What is the infimum of this set?

Question

I read the article on Infimum and supremum on wiki and came across this example. I am unable to understand Why the infimum of this set should be $-1$. I think it should be zero.

Can anyone help. $$ \inf\left\{ (-1)^n + \frac{1}{n}\bigg|\ n = 1,2,3,... \right\} = -1 $$

Answer 1

This is because, for $n=2k+1$ odd, we have $(-1)^n+\frac{1}{n}=-1+\frac{1}{2k+1}$, and for big $k$ those numbers can get arbitrarily close to $-1$. More rigorously:

• On one hand, we have $(-1)^n+\frac{1}{n}\ge -1$ for all $n$, so $-1$ is a lower bound of the whole set.
• On the other hand, this is the highest lower bound: if you pick anything higher than that, say $-1+\epsilon$ for some $\epsilon\gt 0$, there will be elements of this set "below" that: whenever $2k+1\gt\frac{1}{\epsilon}$, we will have $-1+\frac{1}{2k+1}\lt-1+\epsilon$.

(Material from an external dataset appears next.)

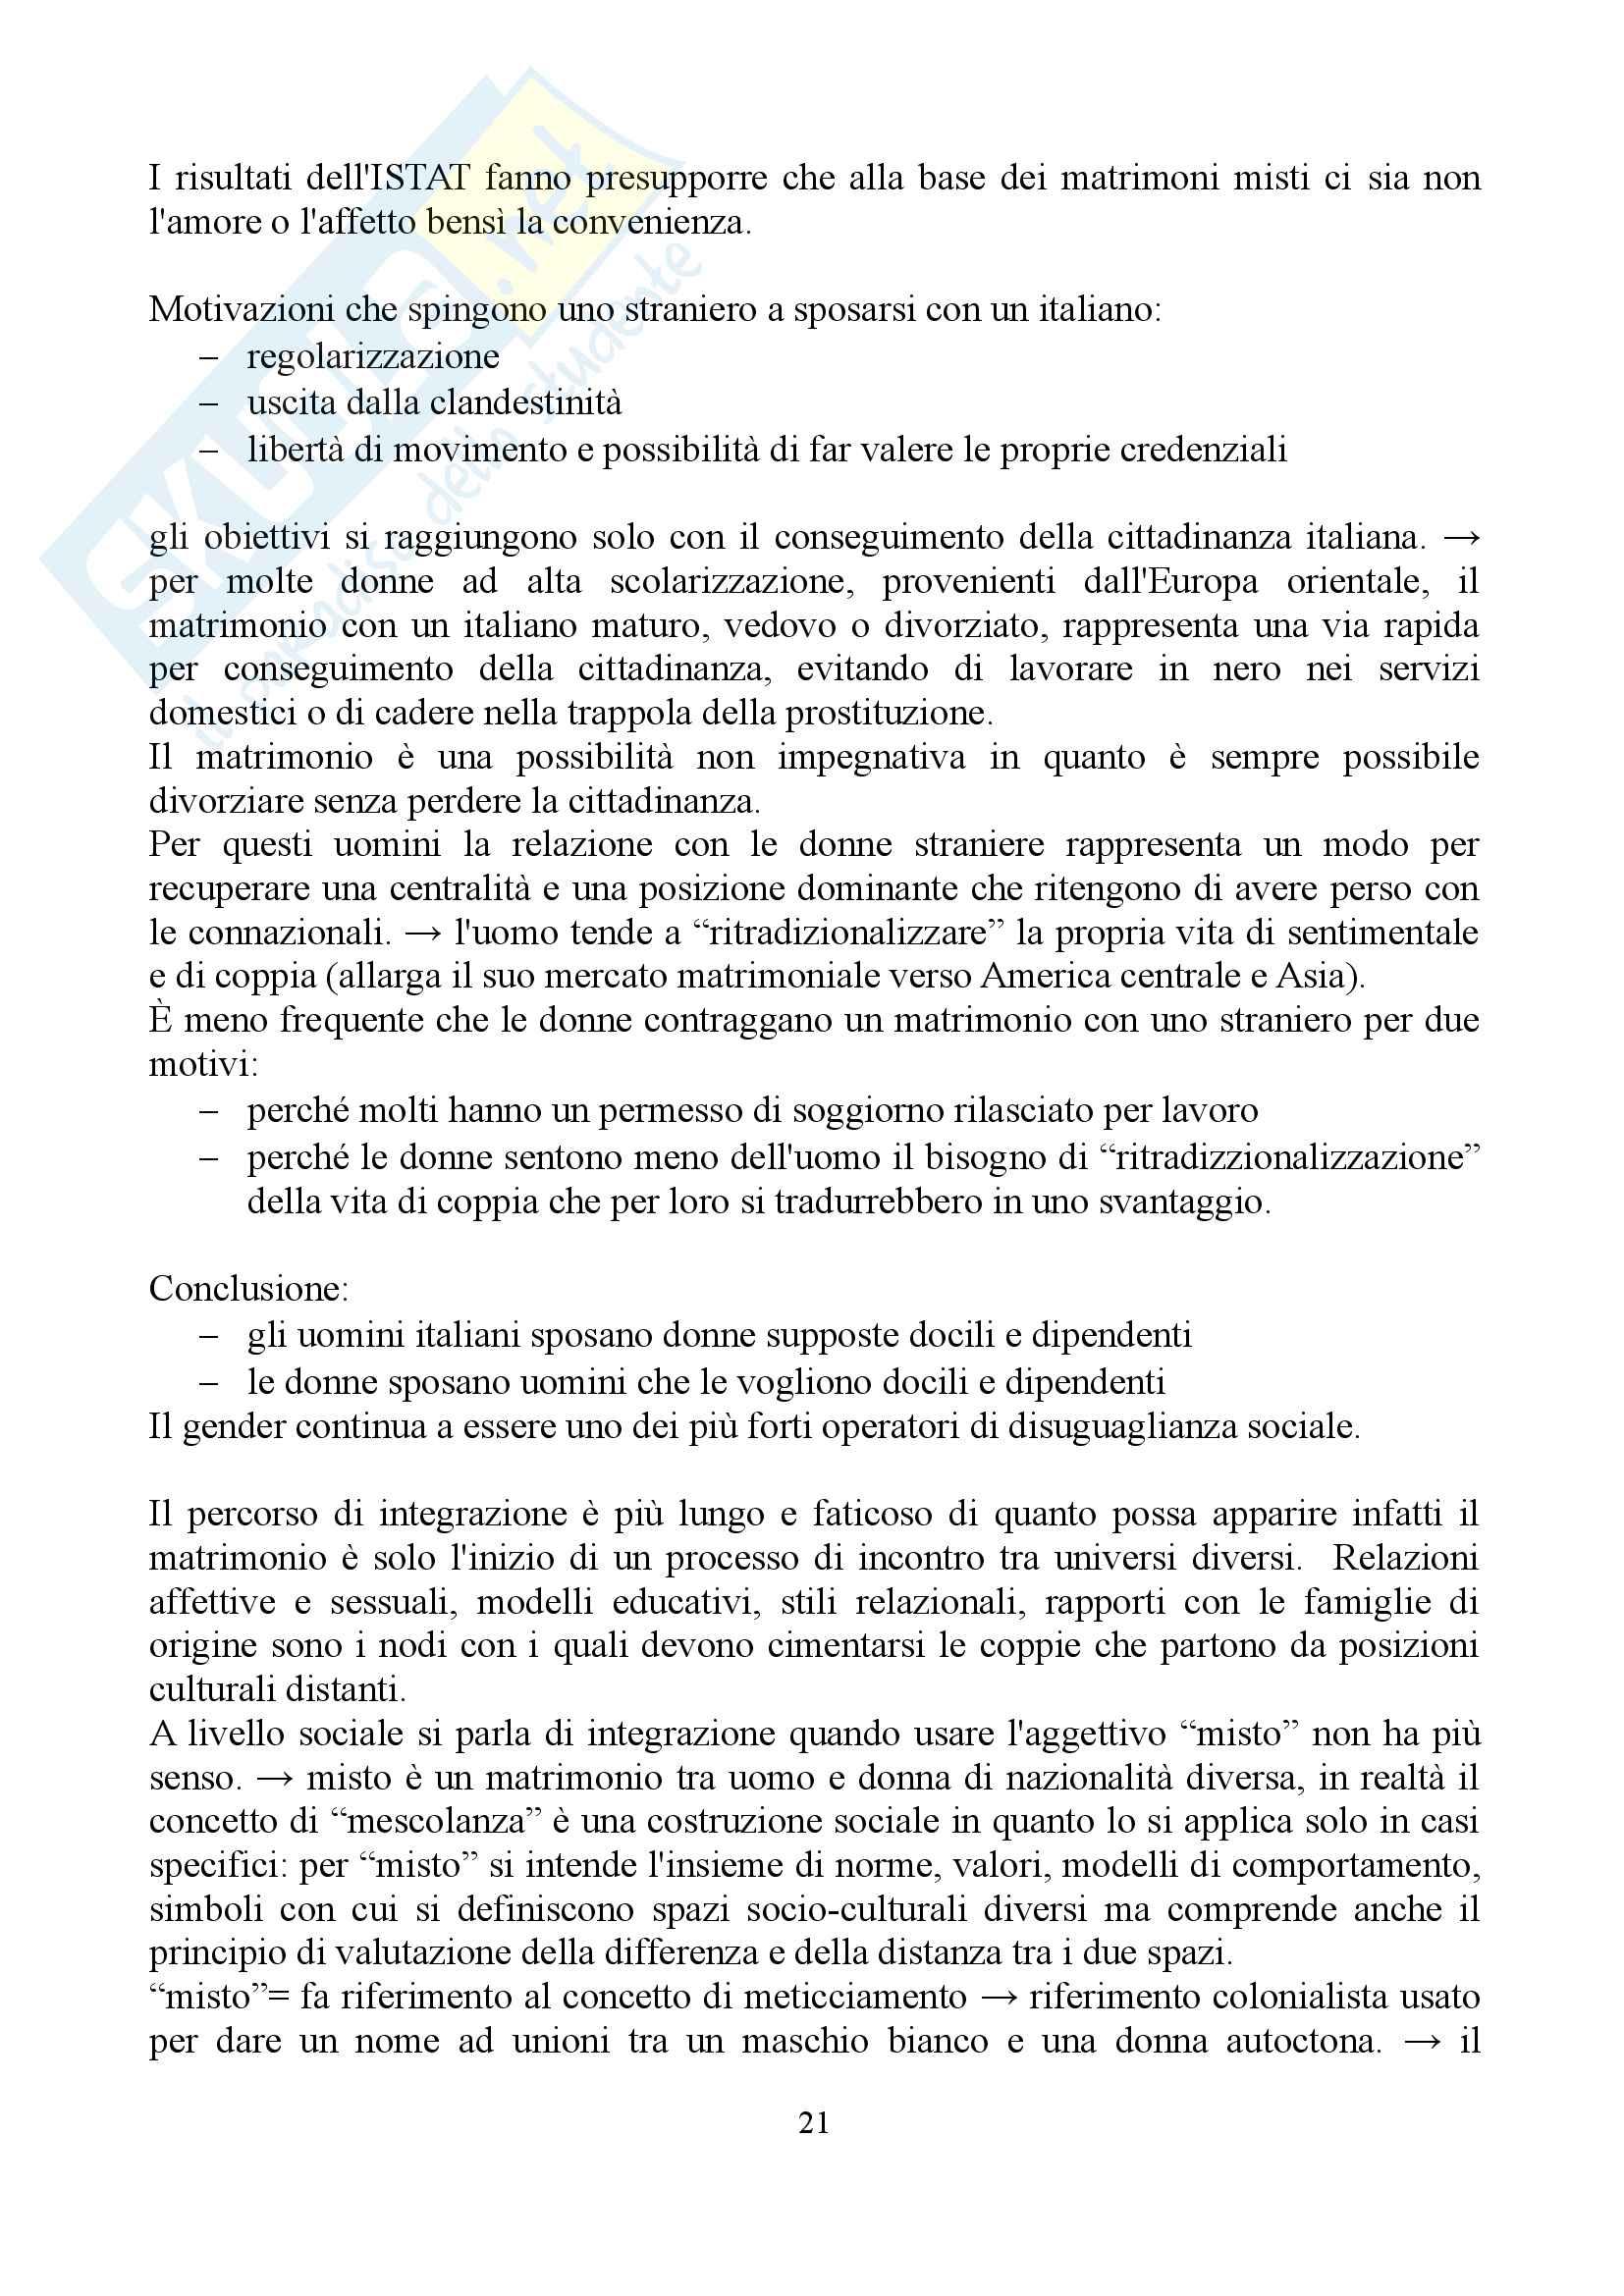 """Sunto di sociologia della famiglia, docente Diego Mesa, libro consigliato """"famiglia sostantivo plurale"""", Paola Di Nicola) Pag. 21"""

Thus $-1$ is the highest lower bound, i.e. infimum of this set.

Answer 2

$$\begin{align}S&=\left\{(-1)^n+\dfrac1n\bigg|n=1,2,3\cdots\right\}\\&=\begin{cases}-1+\dfrac1n,&n=2k+1\\1+\dfrac1n,&n=2k\end{cases}\end{align}$$

Taking limits as $n\to\infty$ $$\begin{align}S&=\begin{cases}(-1,0],&n=2k+1\\ \left(1,\dfrac32\right]&n=2k\end{cases}\end{align}$$

Hence $$\begin{align}\sup(S)&=\dfrac32\\\inf(S)&=-1\end{align}$$